Atomic-scale Characterization of Strain and Gate effects on Two-dimensional Materials by Scanning Tunneling Microscopy

Strain is an inevitable phenomenon in two-dimensional (2D) material, regardless of whether the film is suspended or supported. Moreover, strain is known to alter the physical and chemical properties, such as the band gap, charge carrier effective masses, dielectric properties, chemical reactivity, and many more.One example is the metal-2D material junction, where the interaction at the interface between the contact electrode can be significantly altered by strain. Moreover, the response to strain varies depending on the contact material used. In this study, we explored different substrate roughness levels and investigated the interface properties between monolayer MoS2 and metal using X-ray photoelectron spectroscopy, atomic force microscopy, and Raman spectroscopy. Furthermore, to enable the direct measurement of strain response, I successfully developed a nanoindentation system integrated with a scanning tunneling microscopy (STM) sample holder. The system allows for in-situ reversible control of strain and gate electric fields.
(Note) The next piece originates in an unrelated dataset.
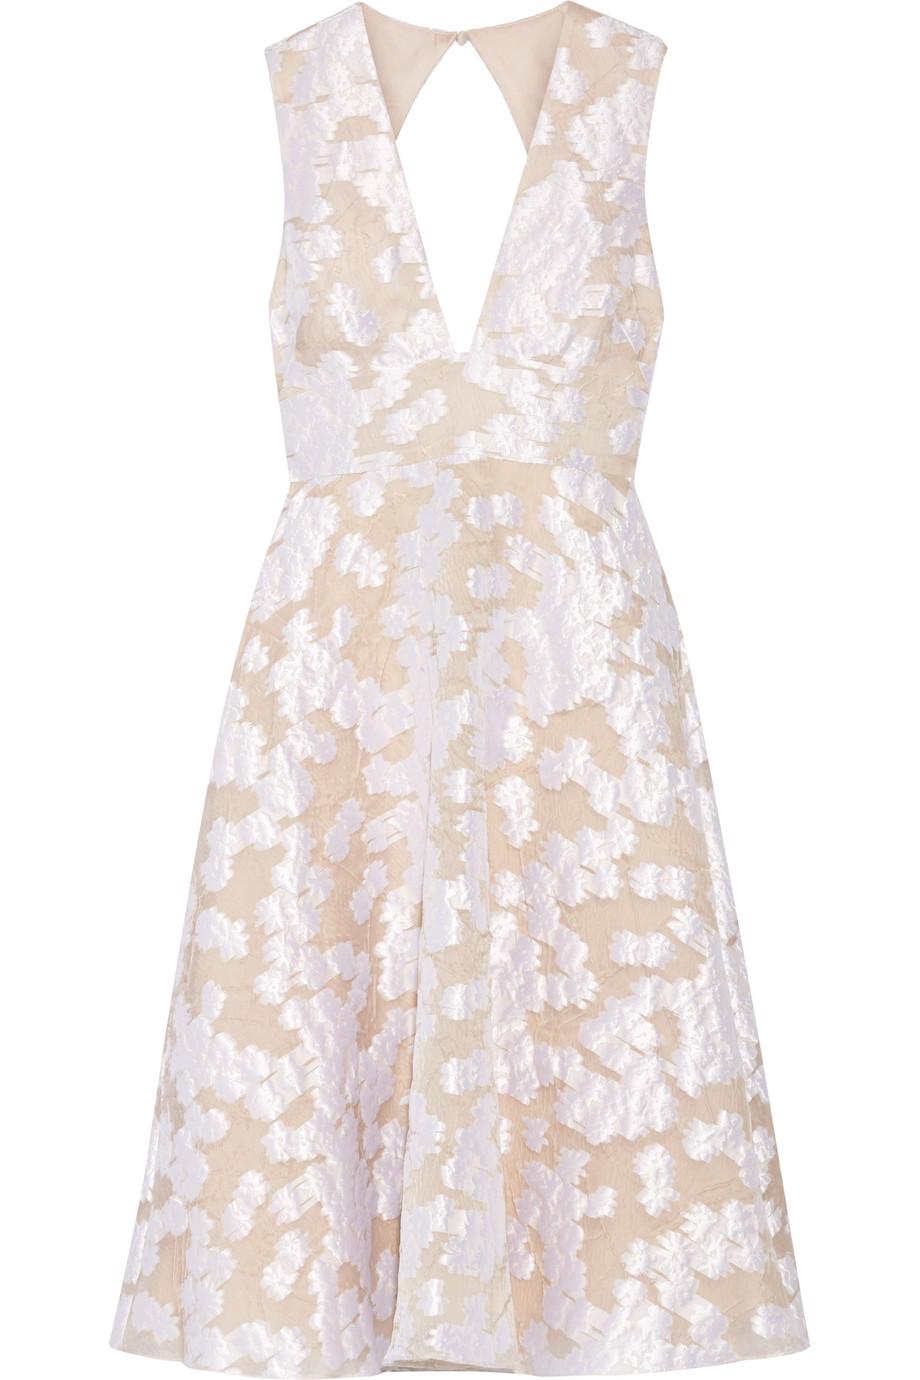 Lela Rose Open-Back Fil Coupé Dress, Ivory, Women's, Size: 14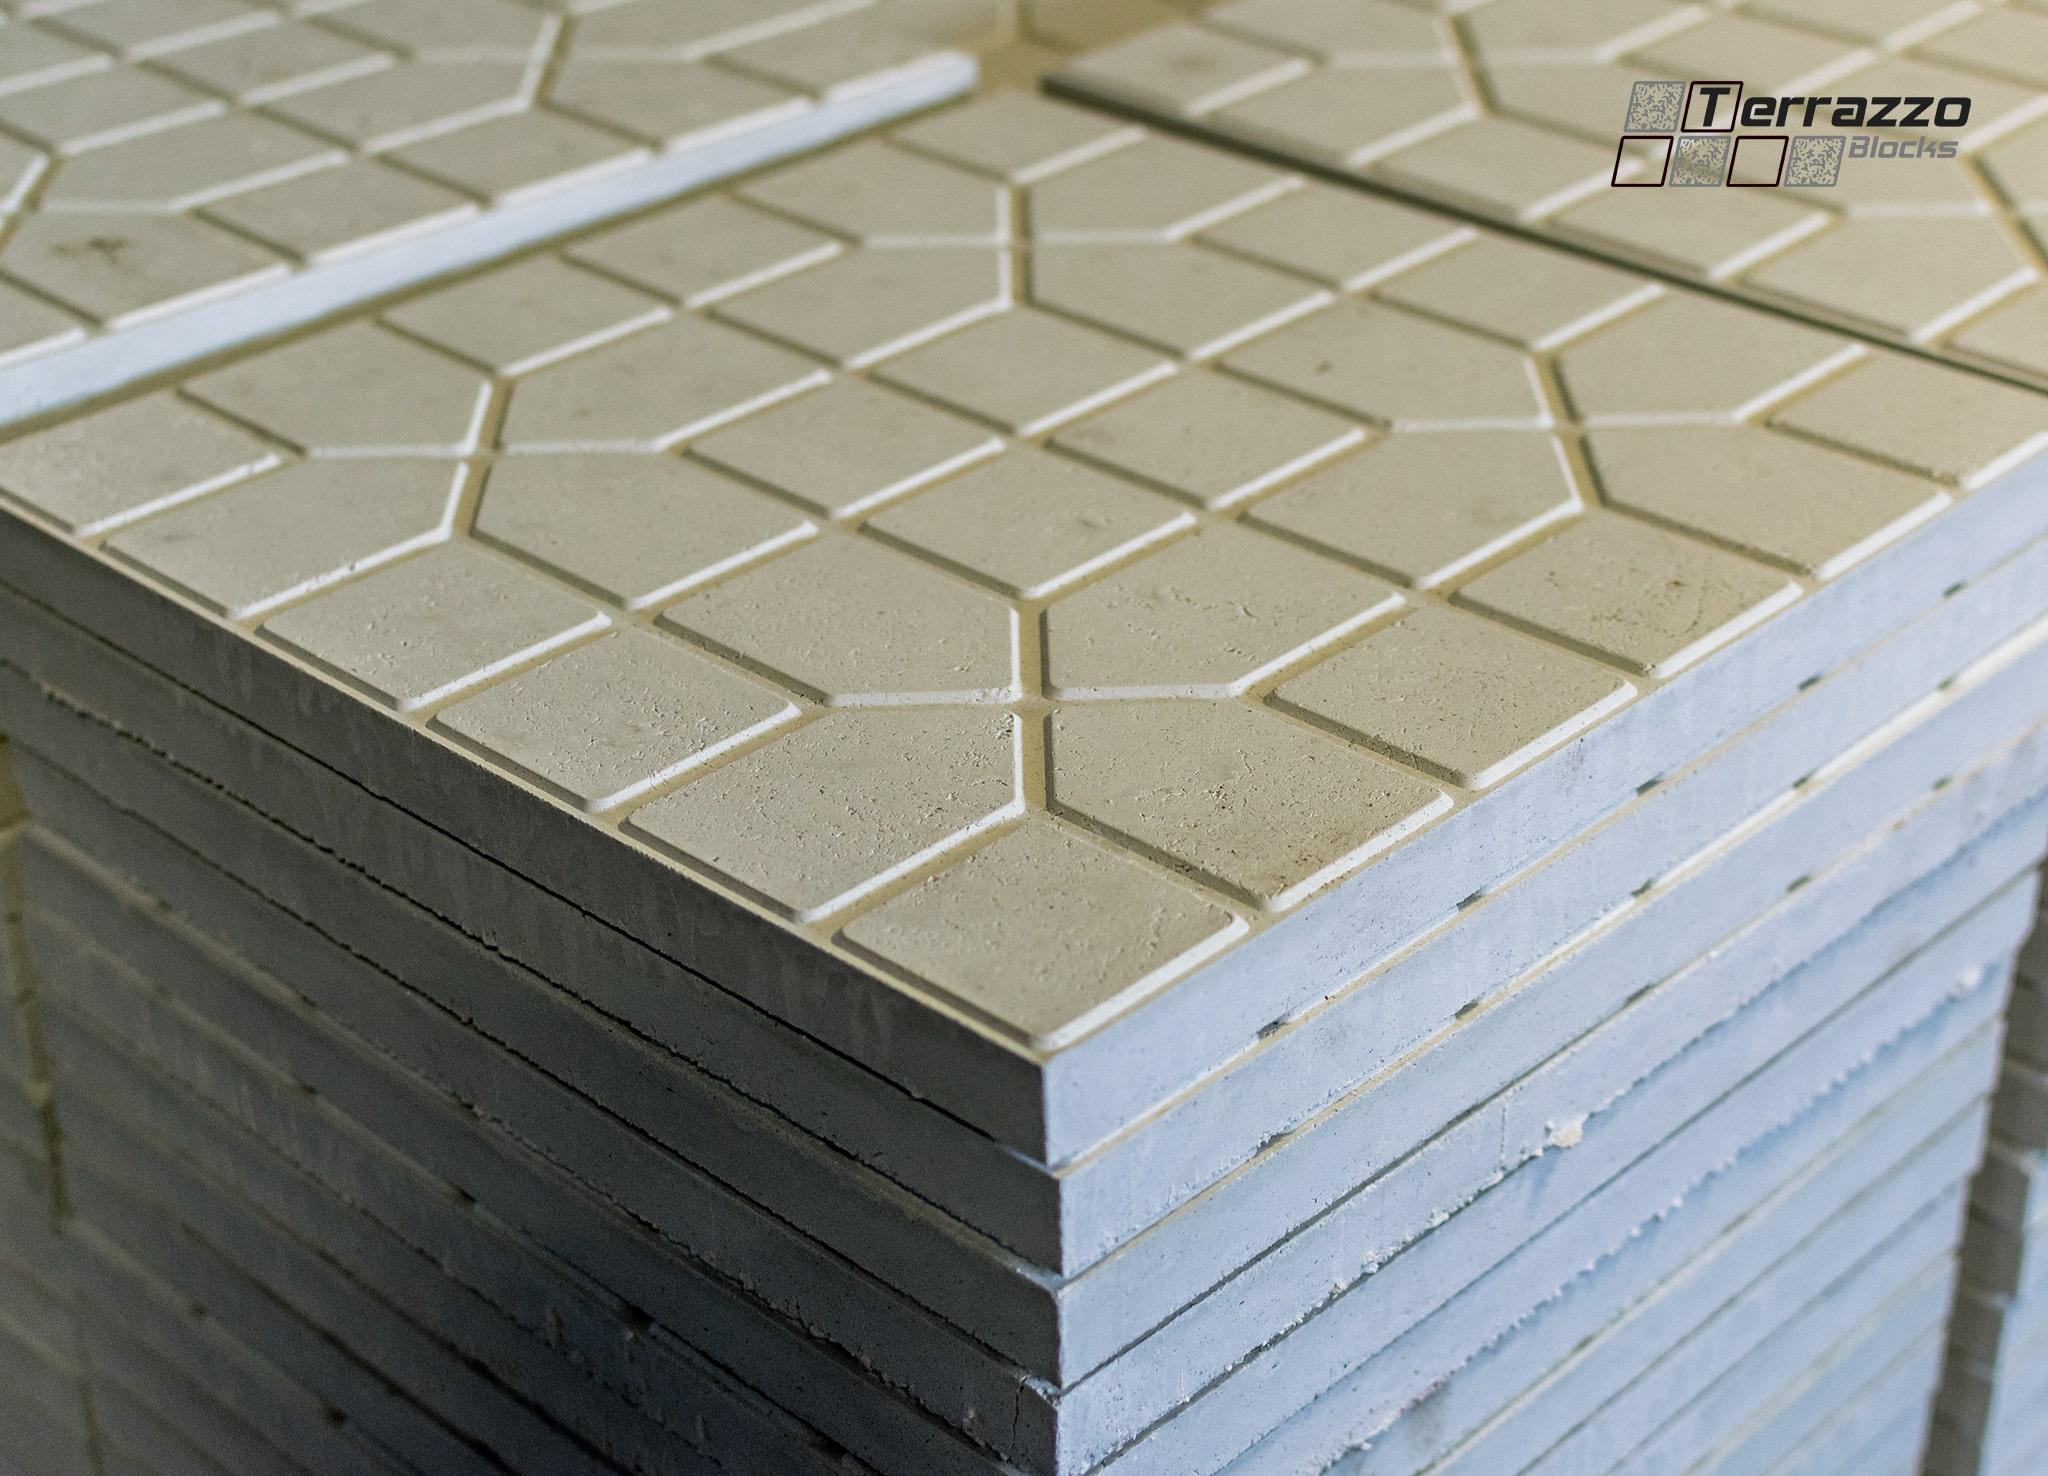 Производство терраццо - плитка без полировки

It utilizes a gearbox and a piezoelectric actuator, providing precise control of indentation depth at the nanometer level. The 2D materials are placed on a flexible polyimide film to ensure mechanical stability, and a Pd clamp is used to improve the transfer of strain from the polyimide to the 2D layers. The small size of the sample holder (~160 mm2 x 5.2 mm) makes it compatible with a broad range of measurement systems, including atomic force microscopy and Raman spectroscopy, in addition to STM. By employing the novel approach described above, the study has successfully observed atomic precision strain responses of 2D materials like graphene and monolayer MoS2. In their relaxed states, strain mostly arises from local curvature caused by the polyimide surface roughness. However, when the materials are under strained conditions with tented structures, lattice parameters become more sensitive to changes in indentor height, leading to additional stretching strain. The indentation system allows for further adjustments to the indentor and sample configuration, which enable the application of uniaxial strain for measuring the Poisson's ratio.As a future perspective, we identify existing challenges related to performing local spectroscopy and research topics on defect in-gap states in monolayer MoS2.